Direct nadat hij het stokje van Syswerda overnam, zorgde Schol voor nieuwe voorschriften. Uit één van de eerste door Schol opgemaakte weekrapporten blijkt meteen al dat er iets in het kamp was veranderd, namelijk de discipline. Schol controleerde zelf of de bewoners zich aan de voorschriften hielden. Eind augustus 1940 maakte Schol via een kampverordening bekend welke straffen hij op kon leggen en op welke wijze hij de gestraften hiervan op de hoogte zou brengen. De straffen varieerden van een waarschuwing tot huisarrest en opsluiting in de strafbarak of in het arrestantenlokaal. Waarschuwingen deelde hij persoonlijk aan de betrokkenen mee. Alle andere straffen werden, in aanwezigheid van de gehele kampbevolking, tijdens het appel bekend gemaakt. De gestraften kregen vooraf van Schol nog wel de gelegenheid om hun kant van het verhaal te vertellen.
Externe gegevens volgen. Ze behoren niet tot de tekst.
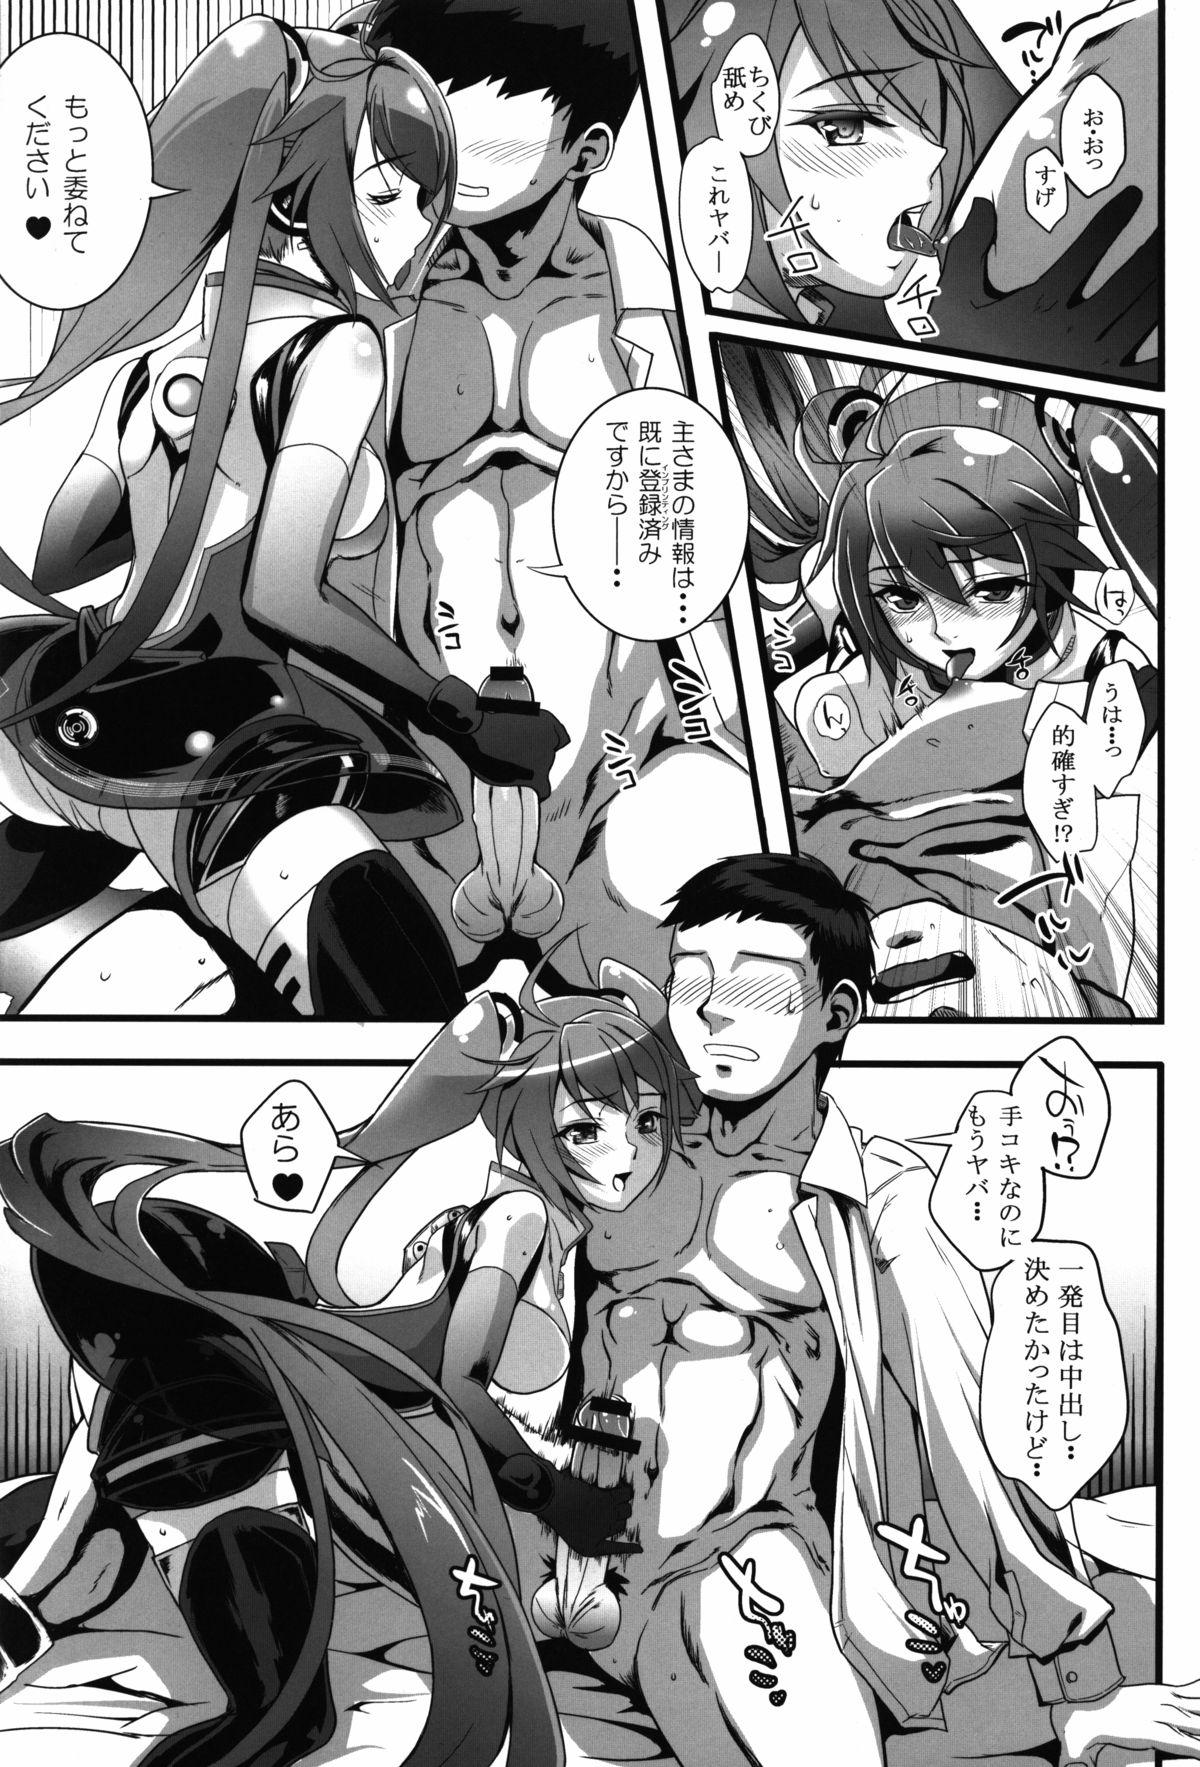 Man Racing Angeloid - Vocaloid Cum In Mouth - Page 8

De instructies werden regelmatig aangepast. Uit de instructie van januari 1941 blijkt dat de door de commandant op te leggen straffen waren uitgebreid. Hij, of zijn vervanger, hadden de bevoegdheid om een breed scala aan disciplinaire straffen op te leggen. Voorbeelden hiervan zijn het inhouden van het zakgeld of een gedeelte ervan, verbod van bijwoning van uitvoeringen e.d., verbod zich op bepaalde gedeelten van het kampterrein of in bepaalde gebouwen op te houden, verbod om zich gedurende ten hoogste dertig dagen na afloop van de arbeid te bevinden buiten de barak waar de overtreder sliep, verplichting om zich herhaaldelijk op bepaalde tijden en op een bepaalde plaats te melden en afzonderlijke opsluiting in een cel gedurende ten hoogste tien dagen na het werk. Schol kreeg verder opdracht om van de opgelegde straffen een register bij te houden. Een uittreksel van dit register moest hij wekelijks naar het hoofd van de Rijksvreemdelingendienst en de secretaris-generaal van Justitie sturen. Daarnaast werden de straffen op de persoonskaart van de gestraften bijgeschreven. Dat het geen loze dreigementen waren, bleek eind juli 1941. Nadat een Joodse vrouw, die bij een kampbewoner op bezoek was geweest, geprobeerd had drie brieven en vier briefkaarten buiten de censuur om uit het kamp te smokkelen, nam Schol direct maatregelen. Eén maand lang werd het verzenden en ontvangen van brieven aan banden gelegd. Verder besliste Schol de normale frequentie van de postverzending na die maand te beperken.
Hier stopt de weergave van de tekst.